10 Avril 2023
Faire de l’irrévérence une fidélité à l’œuvre et à son message, et de l’écart le moyen de recentrer le propos : telle semble être la démarche de Jean-François Sivadier. Une démonstration magistrale où la compréhension le dispute au plaisir du théâtre.
Un décor indéterminé qu’on nous dit être Venise, un agencement de traverses qui expriment la transversalité qui caractérise la mise en scène. Un partout, un nulle part tout autant qu’un lieu qui nous transportera de Venise à Chypre sur l’équilibre instable de madriers qui s’inclinent, se dressent et se tournent pour figurer des espaces abstraits auxquels les personnages donnent corps. Un espace vide, qu’on enjambe, qu’on traverse au milieu d’un jeu de transparences qui cachent en même temps qu’elles révèlent, qui sont scintillement de l’eau dans les éclats lumineux du plastique ou rideau de pluie, métaphorique ou non selon le rôle qu’on leur fait jouer. À Venise, donc, deux jeunes gens, sur scène, établissent une connivence avec le public. Il est noir, elle non. Face au public, il lui fait répéter des phrases de bienvenue dans la langue de son pays, et elle s’applique, attentive à l’échange qui place chacun sur le terrain de l’autre. L’écart avec l’époque de Shakespeare est d’emblée marqué. C’est d’ici et maintenant que nous regardons la pièce qui, elle, nous renvoie un reflet de nous-mêmes.

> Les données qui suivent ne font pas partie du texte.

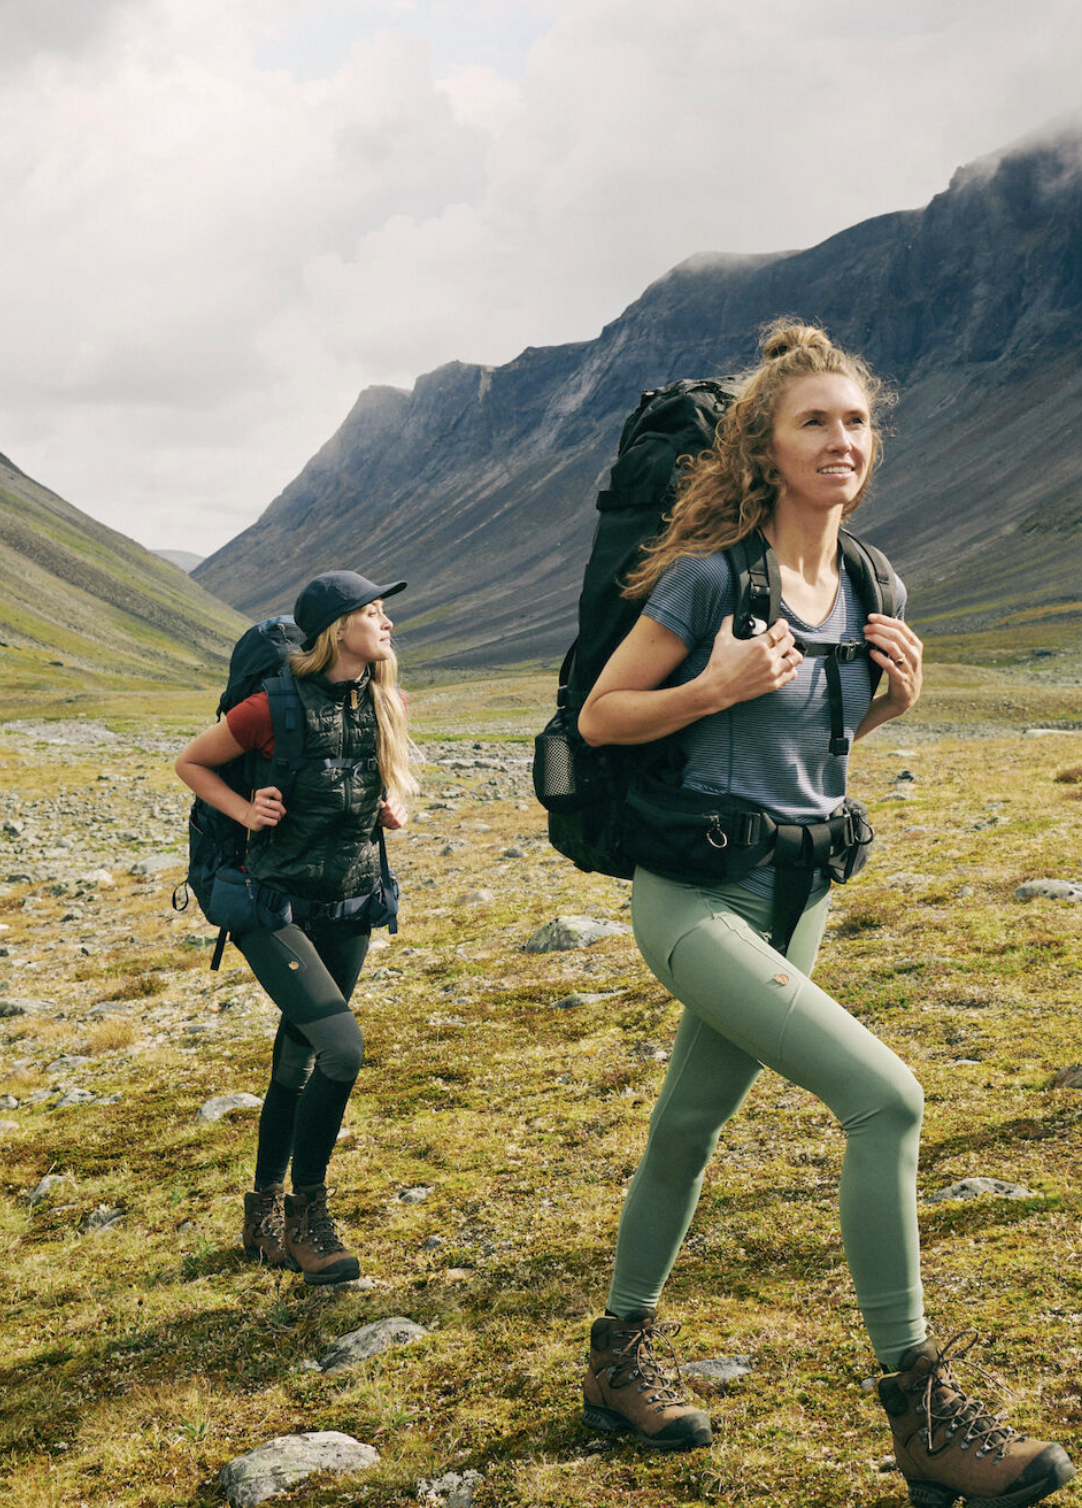 Fjällräven Abisko Trekking Tights Pro: As melhores calças de

Tordre le cou au drame de la jalousie
L’histoire d'Othello a traversé les âges comme la fable d’un homme amoureux d’une jeune fille pure et innocente à la manière d’Ophélie, victime collatérale d’un mal qui s’empare de lui et dont le déclencheur-prétexte est la vengeance qu’exerce Iago à l’encontre d’Othello qui l'a écarté d’une promotion qu’il considère devoir lui revenir. Convaincu que sa femme le trompe et fou de jalousie, Othello finit par tuer son épouse. Racontée ainsi, l’histoire ressemble à des milliers d’autres rapportées par les rubriques de faits divers. Il suffit alors d’insister sur le fait qu’Othello est noir, et on ajoute aussitôt une connotation raciste qui remonte au temps – pas si lointain et même, peut-être, encore présent dans certaines têtes – où l’on pensait que le cerveau des noirs n’était pas configuré comme celui des Occidentaux, qu’ils étaient des êtres frustes, inférieurs, plus proches du singe que de l’homme. Faire jouer Othello par Adama Diop, comme le choisit Jean-François Sivadier, c’est prendre de front cette connotation implicite, jouer la provoc’ pour montrer une autre vérité, ce que le comédien réalise avec brio.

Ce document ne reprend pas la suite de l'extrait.